Work order
Bring together copies of the lines in the data below that contain the word "Bild".

(Records from a data source)
--- START ---
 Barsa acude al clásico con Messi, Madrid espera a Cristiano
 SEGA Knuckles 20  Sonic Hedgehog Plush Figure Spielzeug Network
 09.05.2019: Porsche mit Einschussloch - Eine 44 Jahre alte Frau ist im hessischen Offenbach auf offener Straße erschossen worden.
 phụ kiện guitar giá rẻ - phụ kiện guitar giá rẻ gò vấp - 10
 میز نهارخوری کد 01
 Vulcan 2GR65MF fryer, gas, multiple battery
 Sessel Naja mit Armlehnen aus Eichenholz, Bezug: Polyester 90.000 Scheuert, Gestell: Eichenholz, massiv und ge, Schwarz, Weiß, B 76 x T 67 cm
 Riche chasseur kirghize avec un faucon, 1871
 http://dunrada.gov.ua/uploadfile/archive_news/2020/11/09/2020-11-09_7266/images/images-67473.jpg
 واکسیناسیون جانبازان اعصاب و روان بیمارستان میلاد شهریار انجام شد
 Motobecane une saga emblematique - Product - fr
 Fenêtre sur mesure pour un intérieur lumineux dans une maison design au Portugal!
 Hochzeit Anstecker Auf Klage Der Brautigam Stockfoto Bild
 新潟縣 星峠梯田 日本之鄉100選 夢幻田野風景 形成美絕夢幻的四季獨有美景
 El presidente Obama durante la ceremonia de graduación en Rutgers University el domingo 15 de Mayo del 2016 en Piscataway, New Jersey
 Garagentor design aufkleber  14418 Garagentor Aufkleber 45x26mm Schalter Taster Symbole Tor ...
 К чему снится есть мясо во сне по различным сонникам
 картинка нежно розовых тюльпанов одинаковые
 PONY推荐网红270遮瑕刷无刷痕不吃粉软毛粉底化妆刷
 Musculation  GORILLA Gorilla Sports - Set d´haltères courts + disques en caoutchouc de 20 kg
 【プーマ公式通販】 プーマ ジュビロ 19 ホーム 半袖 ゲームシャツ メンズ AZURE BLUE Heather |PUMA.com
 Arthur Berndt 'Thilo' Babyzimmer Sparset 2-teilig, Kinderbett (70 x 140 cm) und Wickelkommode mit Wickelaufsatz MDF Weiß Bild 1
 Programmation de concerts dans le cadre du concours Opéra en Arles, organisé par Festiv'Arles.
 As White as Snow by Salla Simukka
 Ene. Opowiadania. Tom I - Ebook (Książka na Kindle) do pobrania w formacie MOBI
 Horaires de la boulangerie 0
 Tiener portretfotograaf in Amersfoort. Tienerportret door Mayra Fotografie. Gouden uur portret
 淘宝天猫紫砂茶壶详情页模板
--- END ---
Problem solution
 Hochzeit Anstecker Auf Klage Der Brautigam Stockfoto Bild
 Arthur Berndt 'Thilo' Babyzimmer Sparset 2-teilig, Kinderbett (70 x 140 cm) und Wickelkommode mit Wickelaufsatz MDF Weiß Bild 1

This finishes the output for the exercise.